Description of the task. Leaving out the pictures, return word for word the stretch of entries below from the line holding "shiv sena attacks" through the line holding "The Darjeeling Limited Louis Vuitton bags".

Supplied entries.
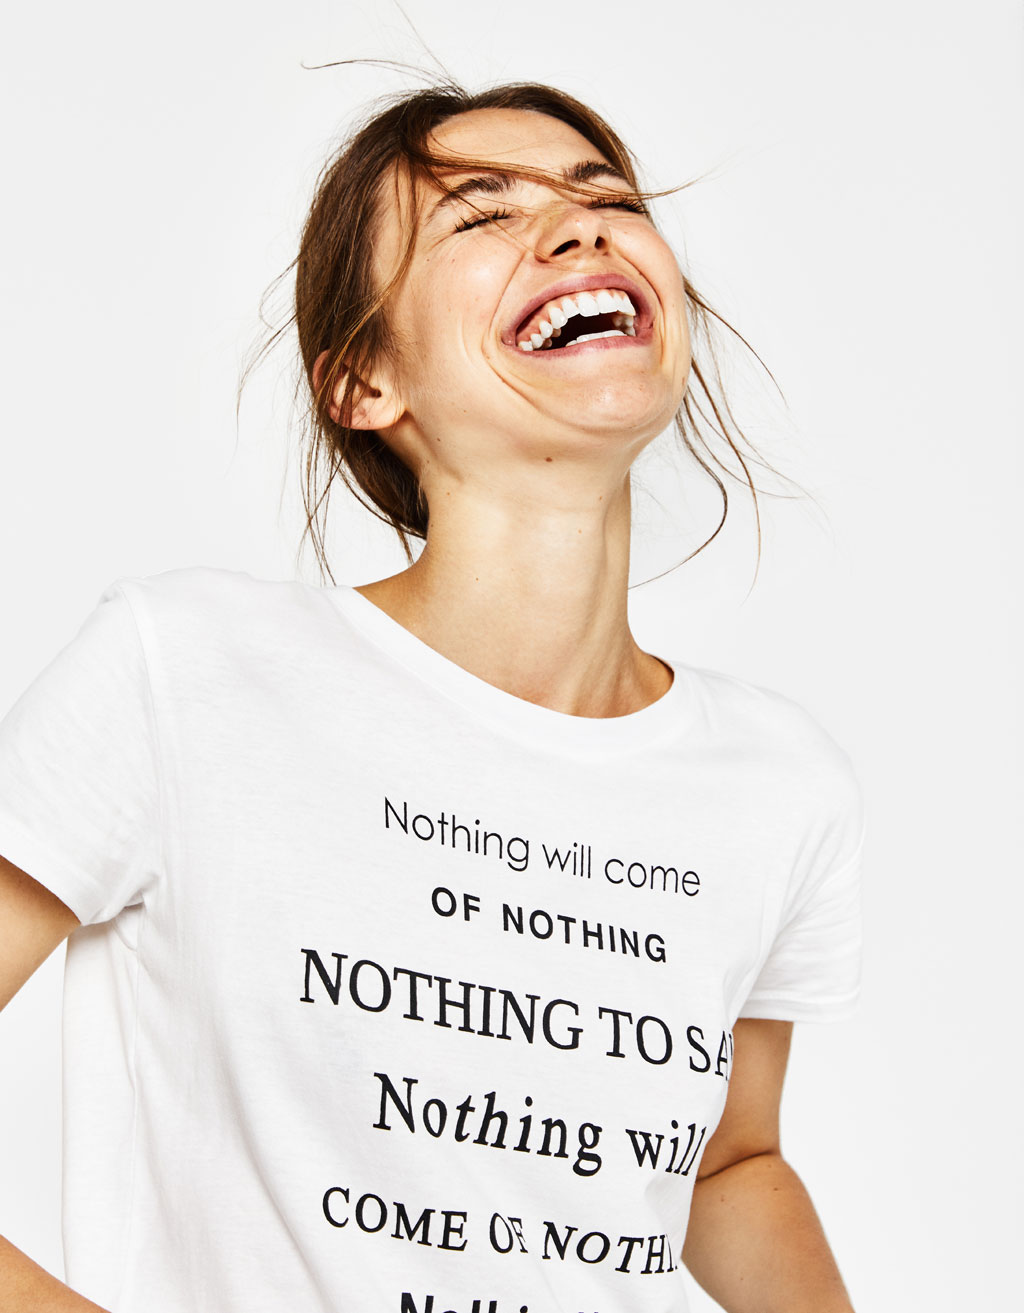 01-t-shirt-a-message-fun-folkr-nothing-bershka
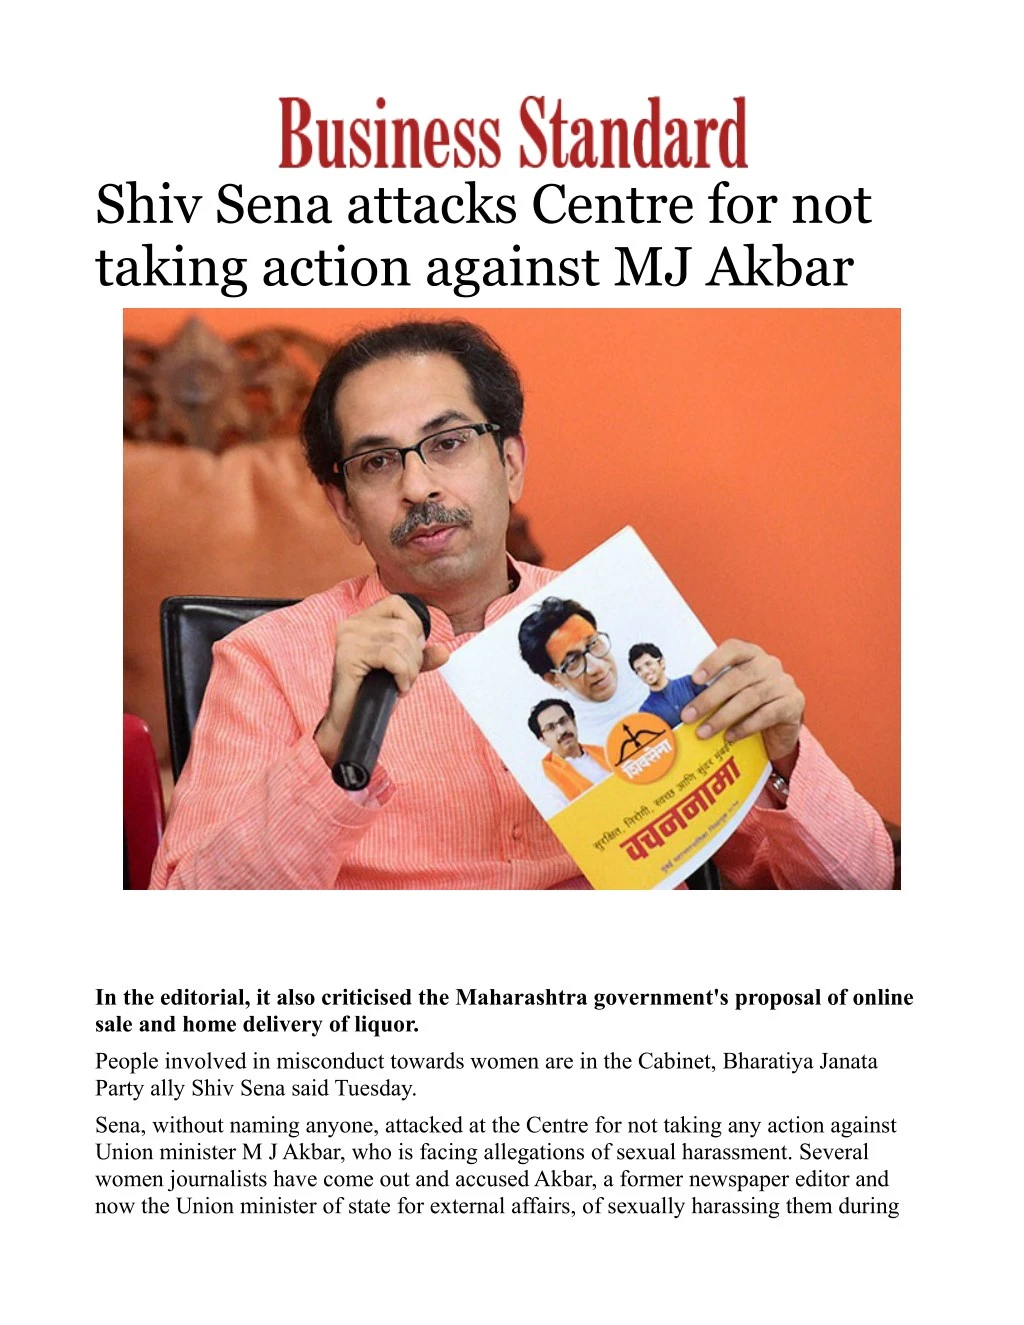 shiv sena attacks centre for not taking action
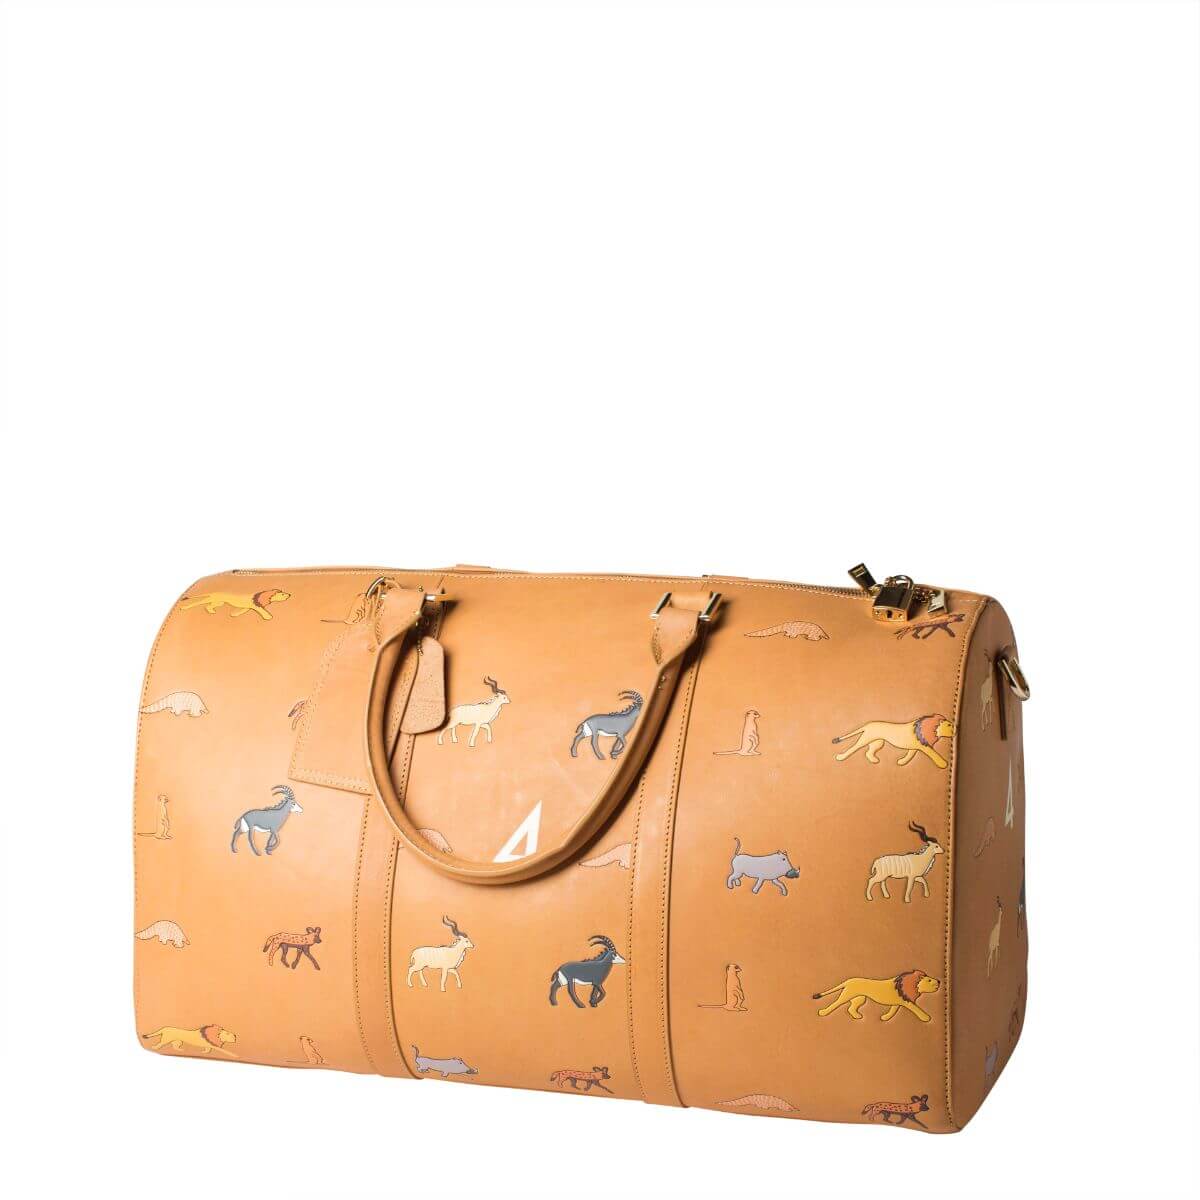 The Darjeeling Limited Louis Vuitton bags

--

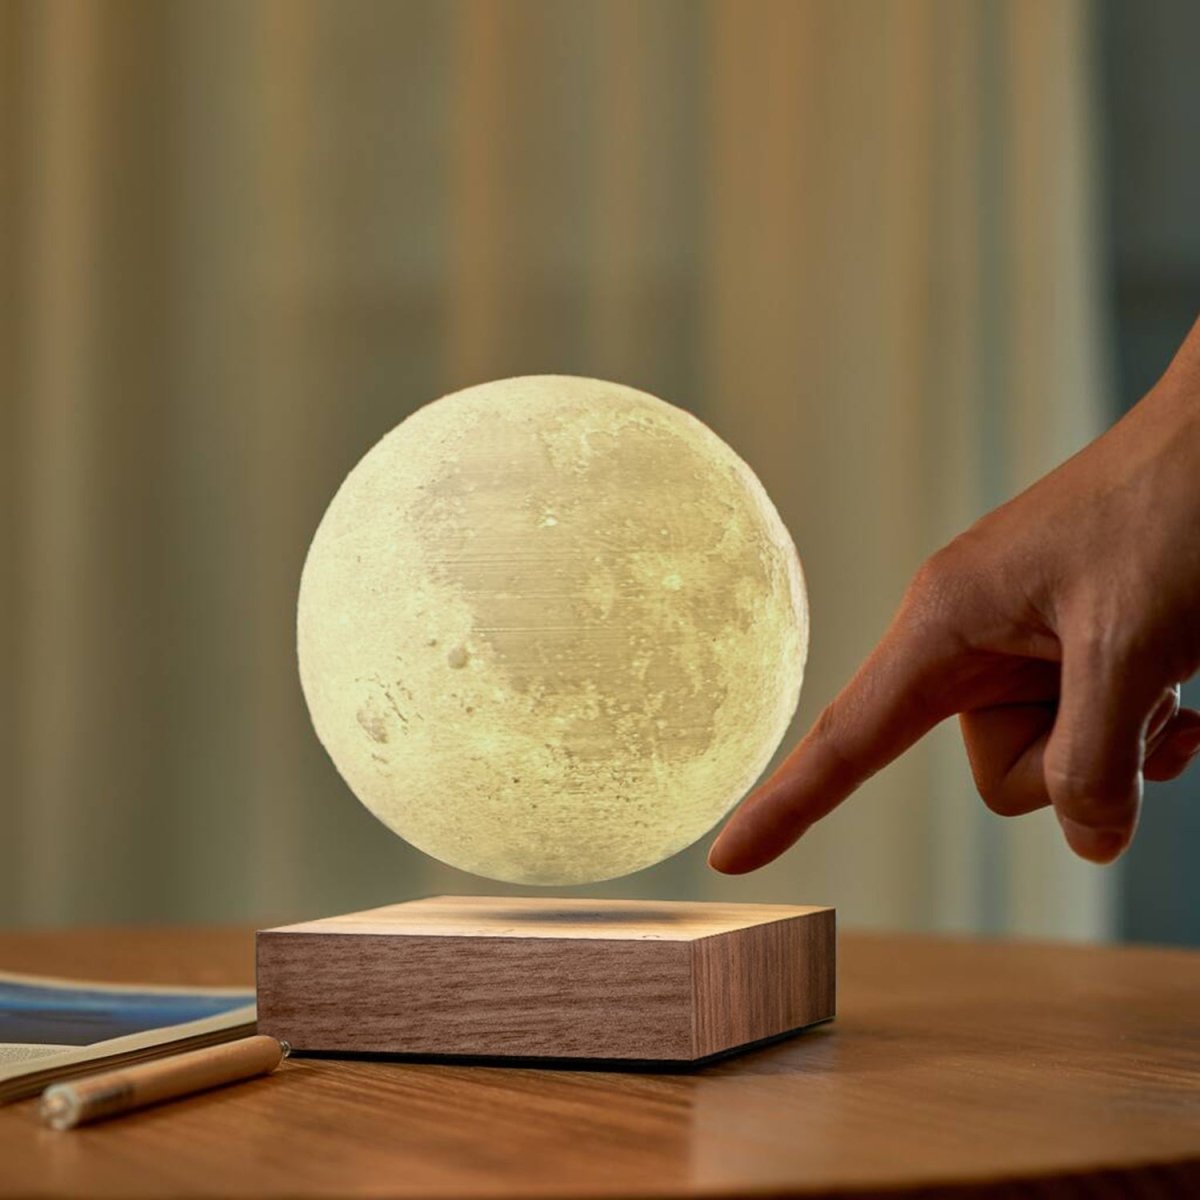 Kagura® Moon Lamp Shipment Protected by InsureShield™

---

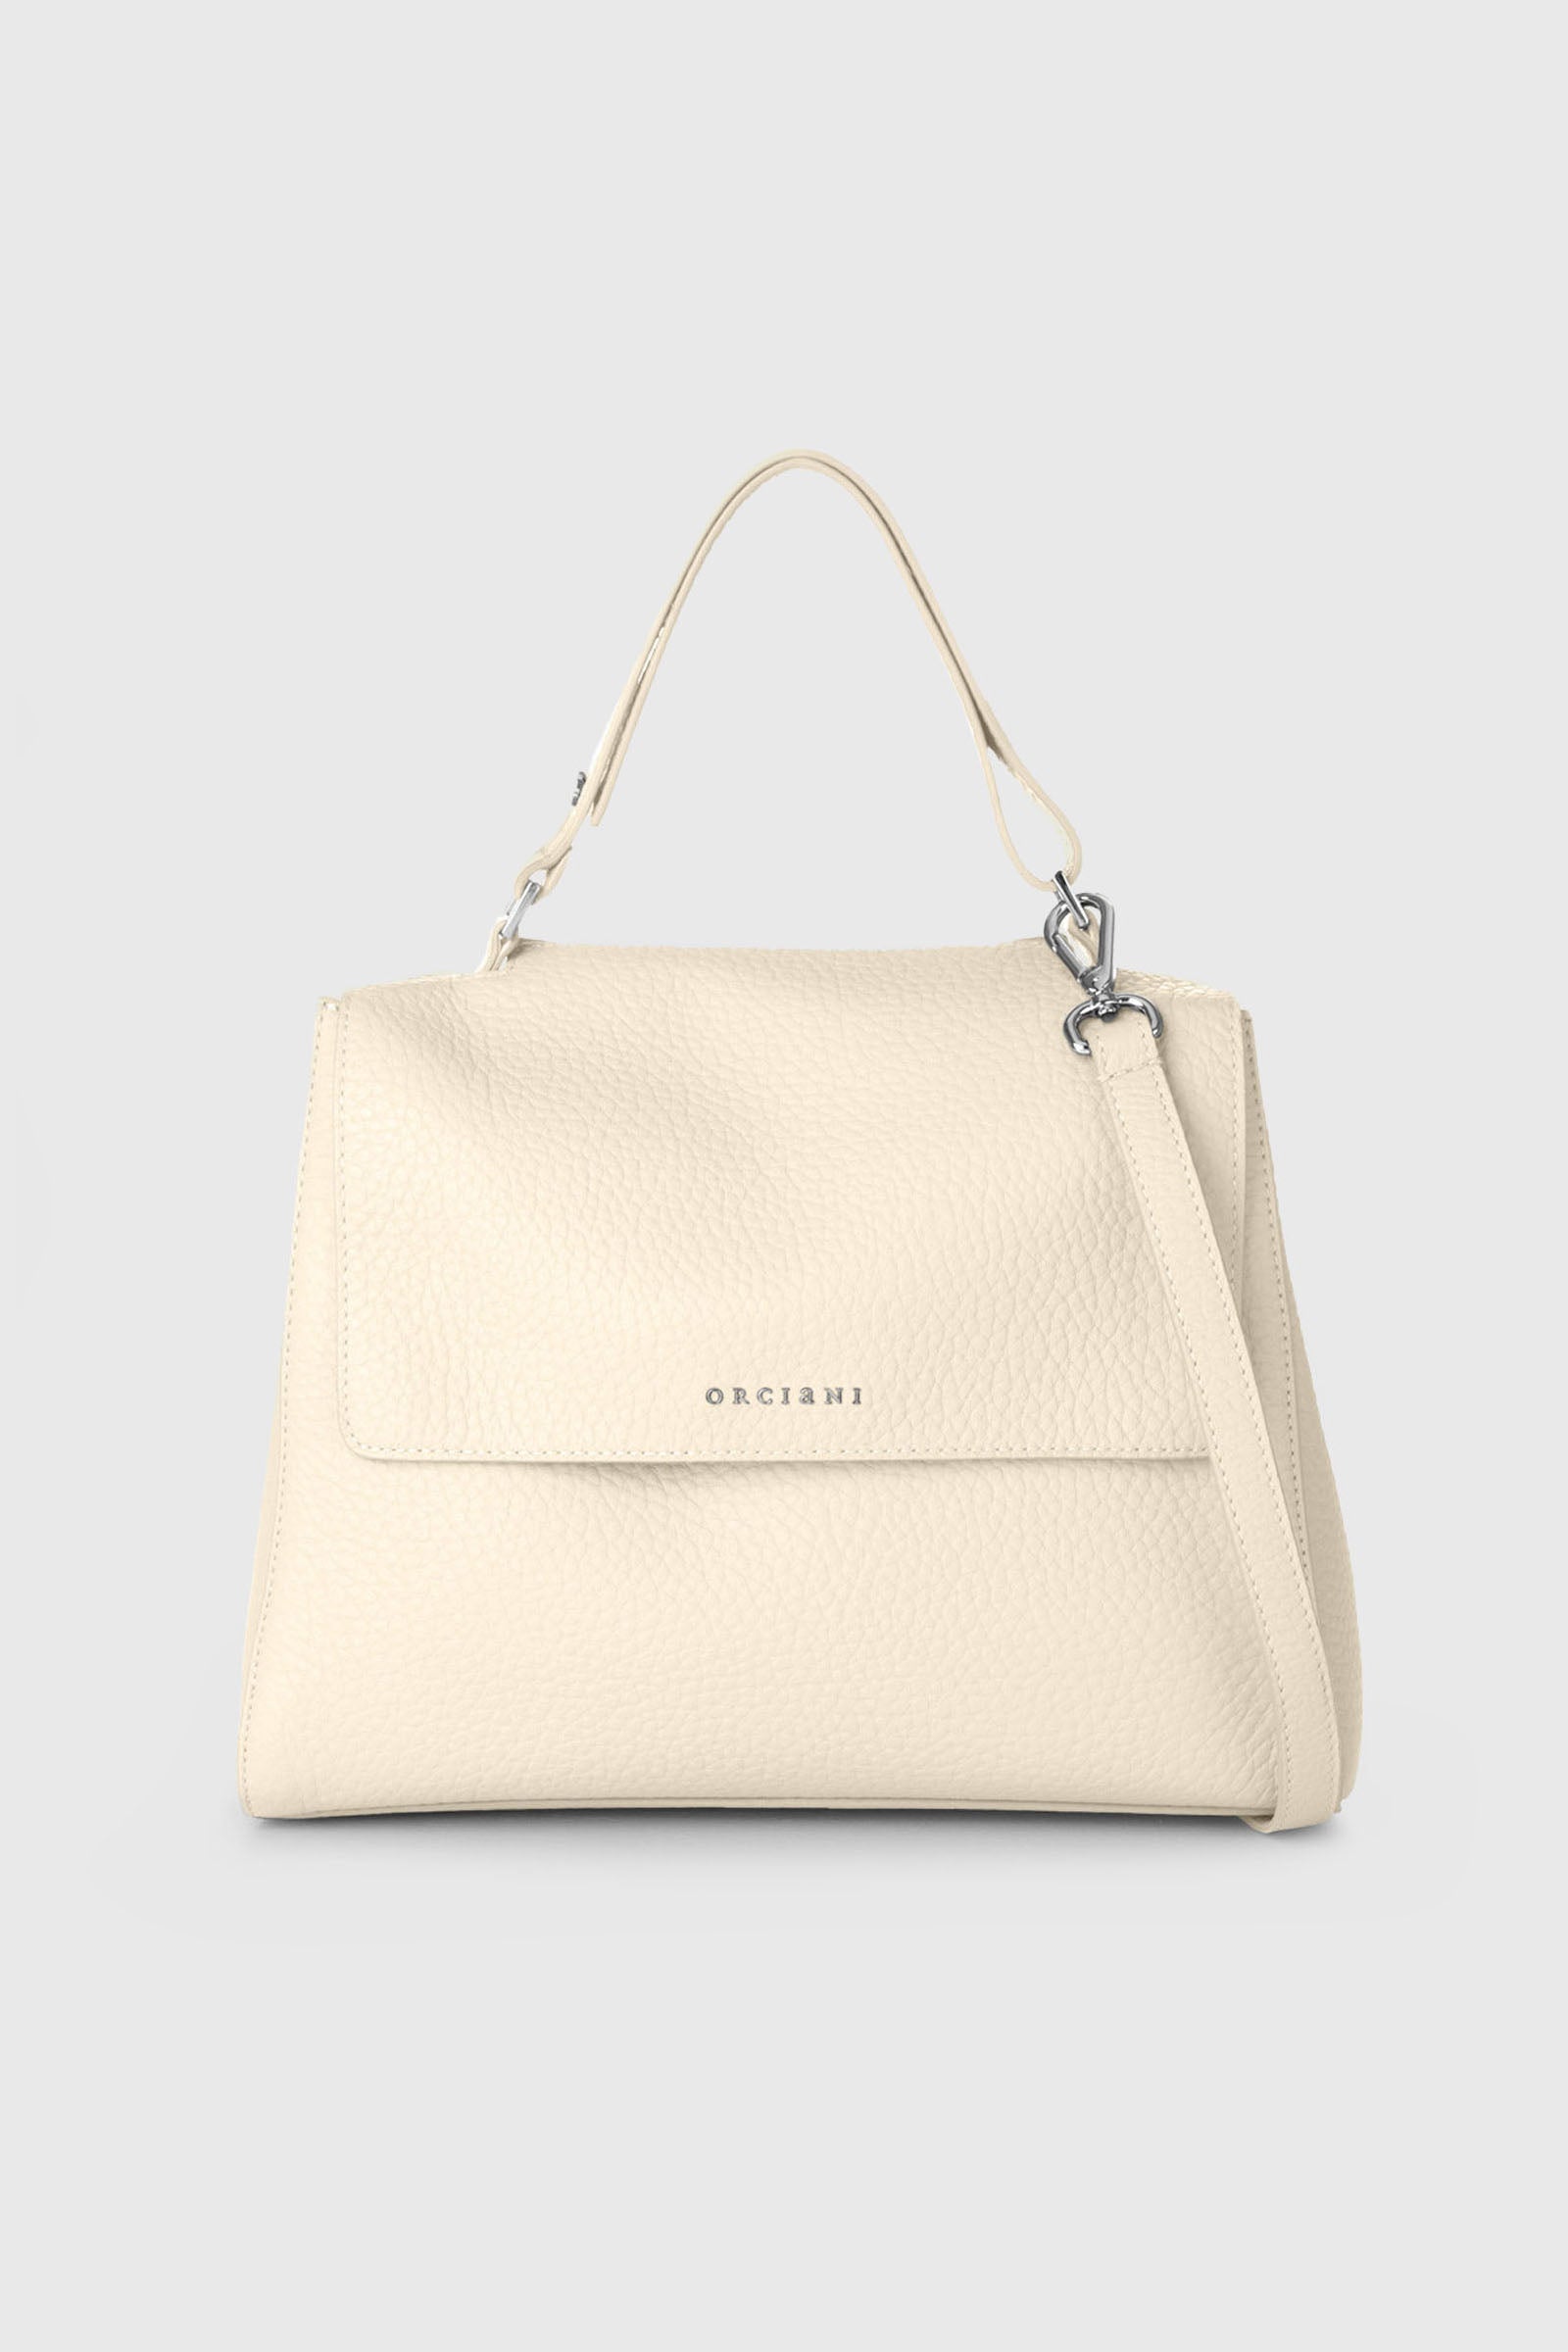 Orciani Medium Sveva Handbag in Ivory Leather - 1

Your solution.
 shiv sena attacks centre for not taking action
 The Darjeeling Limited Louis Vuitton bags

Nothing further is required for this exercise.